A MULE LUNCHING FROM A PILLOW.
По мере того как мы продвигались вглубь леса, Элиза получила новые шепотом высказанные жалобы на мою занемевшую и больную от скатки патриотического сукна шею, служившую подпоркой моей уставшей голове, и решила попытаться раздобыть пуховую подушку. Однажды она обнаружила неподалеку от нашего лагеря дом, который выглядел чище остальных виденных нами, и завязала переговоры с хозяйкой. Она предложила «гринбек», поскольку серебра у нас тогда не водилось; но те никогда их не видели и не верили, что это законные деньги. Наконец женщина сказала, что, если у нас найдется ситец или муслин на продажу, она обменяет свои подушки на что-нибудь из этого. Элиза забыла о дипломатии и довольно возмущенно пояснила, что мы не бродячие торговцы. Наконец, после нескольких походов туда и обратно из нашего лагеря, за которыми я следила тайком, она совершила то, что сочла успешной сделкой, обменяв несколько одеял. Подобно описанию шутника о первых подушках в пульмановских вагонах, которые, по его словам, терялись у него в ухе, они были крошечными подобиями нашего представления о том, какой должна быть подушка, но я не могу припомнить ничего, что произвело бы на меня впечатление столь роскошного предмета; и я была рада видеть, что по размещении подушек на положенном месте вера в мой патриотизм и готовность переносить лишения ничуть не пошатнулась.
Генерал был доволен своими солдатами и восхищался тем, как они переносили испытания этого сурового опыта. Его тревоги исчезли, когда они приняли все так мужественно. Он старался планировать наши переходы так, чтобы мы ежедневно преодолевали не более пятнадцати миль. Насколько я помню, не было никого, чье терпение и силы не подверглись бы испытанию до предела — за исключением моего мужа. Его кажущееся равнодушие к изнуряющей жаре, давно побежденная им жажда, его видимая нечувствительность к укусам насекомых служили мощным подспорьем в преодолении этих удушливых дней. Нередко после долгого марша, когда мы все ловили ртом воздух и в изнеможении валились «где придется, лишь бы умереть», как мы шутили, седлалась свежая лошадь, и генерал ускакивал на охоту или разведывать перспективы с водой на следующий день перехода. Если эта удушающая атмосфера, которой мы подвергались ежедневно, и тревожила его, мы об этом не знали. Он утверждал, что ворчание не поправляет дел; но я с ним расходилась во мнениях. Я по-прежнему считаю, что небольшое ворчание, когда терпение серьезно испытано, приносит облегчение смятенной душе, хотя в то время я тщательно заботилась о том, чтобы не претворять свою теорию в жизнь — по причинам, которые я уже объясняла, когда вопрос о моем присоединении к маршу висел на волоске.

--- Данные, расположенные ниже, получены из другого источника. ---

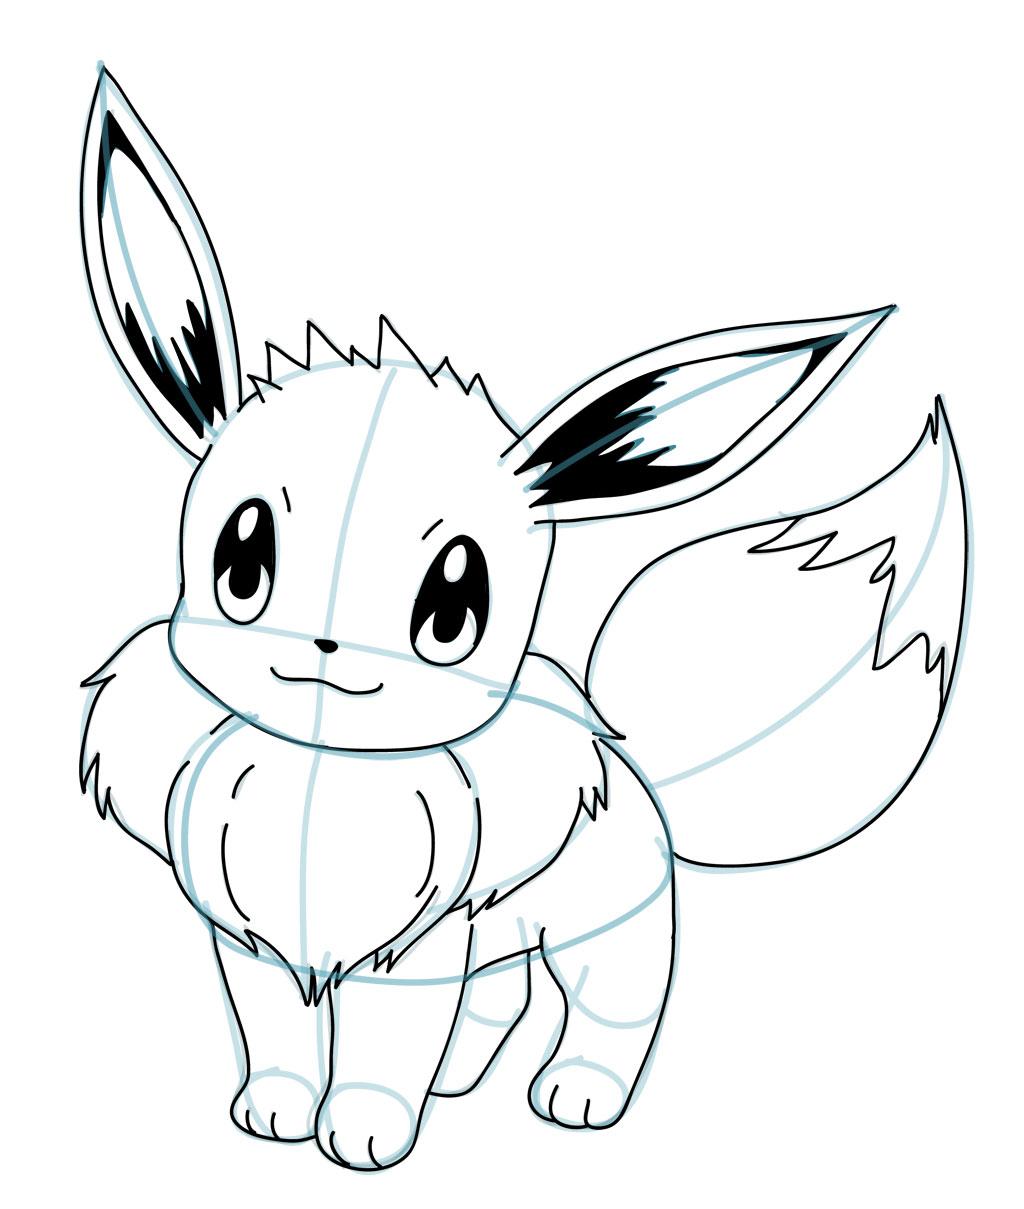 Drawn amd pokemon Pokémon Eevee and Pokemon

Моя жизнь в повозке вскоре стала настолько привычной, что я с трудом верила, будто у меня когда-то была комната. Она постоянно напоминала мне об отце. Он был против моего замужества за военного, как, полагаю, и большинство любящих отцов. Его сопротивление доставило мне немало тревог, и мне казалось — как свойственно всем очень молодым людям, — что это безысходное горе. Теперь, когда борьба закончилась, я стала вспоминать доволы родителей. Главным доводом отца — помнившего те лишения, которые он видел у жен офицеров в ранние дни Мичигана, — было то, что после того, как очарование и блеск эполет пройдут, мне, возможно, придется путешествовать «в крытой повозке, как эмигранту». Я пересказала этот отцовский довод мужу, и он часто смеялся над ним. Когда меня вынимали из моих относительно высоких покоев и опускали в палатку в темноте — а перед рассветом в сосновом лесу темно хоть глаз выколи, — свеча обнаруживала искорки в глазах человека, умевшего шутить до завтрака. «Интересно, что бы твой отец сказал теперь», — звучало то и дело, в то время как молчаливый партнер копошился, готовясь к новому дню. Всегда довлел страх опоздать, и я не могла отделаться от мысли, что когда-нибудь тысячи мужчин будут вынуждены ждать из-за того, что женщина потеряла шпильки. Вообразите всю позорность того факта, что какая-нибудь мелочь, задерживающая наши сборы, становится причиной задержки утреннего выступления экспедиции на марш. К счастью, солдаты пребывали в милостивом неведении относительно причин задержки, поскольку командующий офицер не обязан объяснять, почему он отдает приказ трубачу отсрочить сигнал «по коням!»; однако досада со стороны «маршевой спутницы» была бы не меньшей, и это придавало бы видимость правды периодическим заявлениям генерала о том, что «легче командовать целой кавалерийской дивизией, чем одной женщиной». Я не протестовала против этого утверждения, поскольку заметила еще в те ранние дни супружеской жизни, что в брачном опыте те мужчины, которые открыто и несколько напыщенно, хвастливо заявляют о своих обидах, на самом деле не являются реальными страдальцами. Гордость учит скрытности в утаивании подлинных ран.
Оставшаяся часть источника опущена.